Ce gardien a une particularité qui lui permet d’opérer 24h/24 : il s’agit d’une boîte noire alimentée par des petits panneaux solaires et équipée d’un microphone et d’une antenne. Développé par Huawei en partenariat avec des organisations malaisiennes, ce « Nature Guardian » utilise l’intelligence artificielle et le nuage informatique afin de soutenir les efforts de conservation dans la région.
Après les compteurs intelligents, les voitures électriques et les avions verts, la technologie n’en finit plus de se mettre « au service » de l’environnement. Or ces solutions sont d’énormes consommatrices d’énergie mais aussi de matières premières, notamment de minéraux dits critiques et stratégiques comme le lithium ou le silicium.
Ainsi, la Banque mondiale évalue à 500 % l’augmentation de la production de minéraux d’ici 2050, afin de répondre à l’augmentation de la demande des technologies dites propres. Pourtant, selon l’Agence internationale de l’énergie, la disponibilité des minéraux critiques sera insuffisante pour répondre aux besoins de la transition énergétique.
Alors, la technologie est-elle la solution pour sauver la biodiversité et recalibrer le climat? Toutes les innovations sont-elles bonnes à prendre? Face au techno-solutionnisme, faut-il devenir technophobe?
L’innovation technologique engendre la perte de biodiversité
Si certaines nouvelles technologies peuvent contribuer à améliorer le bien-être humain, on ne devrait jamais perdre de vue qu’elles provoquent une augmentation de la consommation de matériaux et donc de la pression sur les écosystèmes, et génèrent d’immenses quantités de déchets électroniques.
Ainsi au Québec, province qui a l’ambition de devenir « un chef de file des minéraux critiques et stratégiques », les résidus miniers constituent déjà la plus forte empreinte matérielle résiduelle avec 71.3 Mt/an, soit plus du quart de l’empreinte matérielle totale de la province, loin devant les émissions atmosphériques et 12 fois plus que les matières résiduelles rejetées dans les sites d’enfouissement.
C’est ce qui fait que l’IPBES considère l’innovation technologique comme une cause sous-jacente de la perte de la biodiversité. Et c’est pourquoi les changements transformateurs que les scientifiques nous appellent à opérer doivent aussi cibler la sphère technologique.

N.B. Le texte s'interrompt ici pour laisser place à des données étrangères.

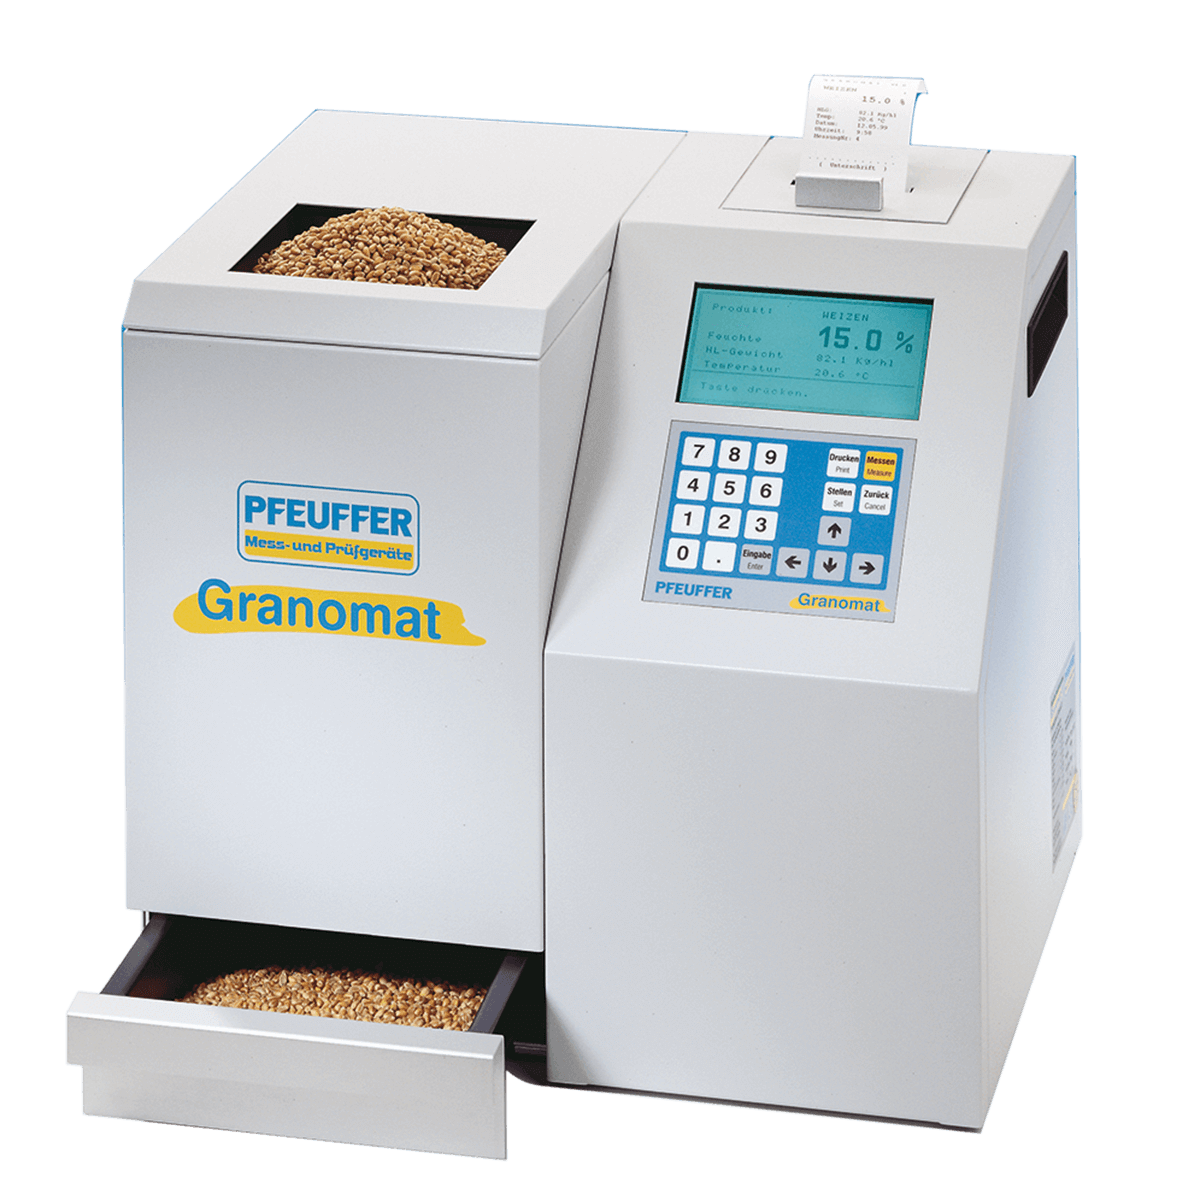 Анализатор влажности, температуры и натурного веса Granomat
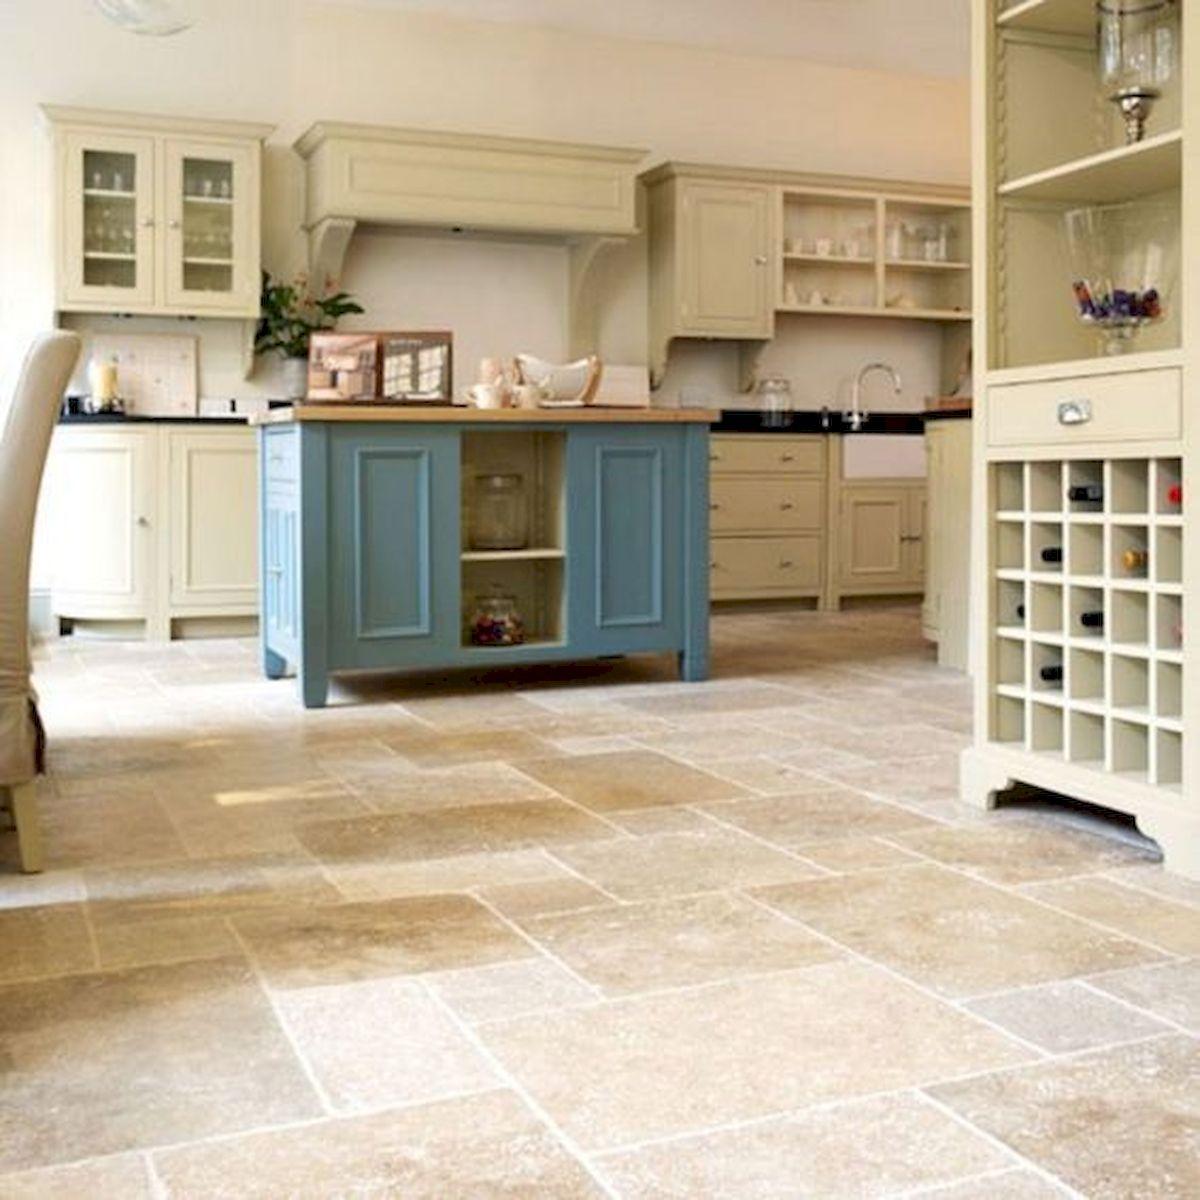 30 Best Kitchen Floor Tile Design Ideas With Concrete Floor Ideas (11)

Comment entreprendre ce virage?
Les solutions sont – d’abord – dans la nature
Et si nous faisions appel à une technologie efficace, rentable et vieille de plusieurs milliards d’années: la nature elle-même?
En plus de nous fournir les ressources essentielles à notre survie, les milieux naturels en santé captent le carbone, assainissent l’eau, fertilisent les sols… Bref, les écosystèmes nous offrent des « services » qui sont autant de solutions naturelles aux défis environnementaux de notre temps.
Combiné à une réduction drastique de la production et consommation d’énergies fossiles, les écosystèmes pourraient fournir 37 % des efforts climatiques mondiaux d’ici 2030.
Mais attention, les solutions naturelles pour le climat ne doivent pas se résumer à planter des arbres ou recréer artificiellement des milieux humides qu’on pourra ensuite comptabiliser dans des bilans « net zéro ». Il doit plutôt s’agir de travailler avec les communautés locales pour préserver ou mieux gérer les écosystèmes riches en carbone.
Alors, plutôt que de construire des méga usines de captation du CO2, si on commençait par protéger les milieux naturels qui captent et stockent le carbone, gratuitement?
Nouer de nouvelles alliances avec le vivant
Aux États-Unis, le Département de la faune a récemment publié un guide sur la restauration des milieux hydriques : « Travailler avec le castor pour restaurer les courants, les milieux humides et les plaines alluviales ».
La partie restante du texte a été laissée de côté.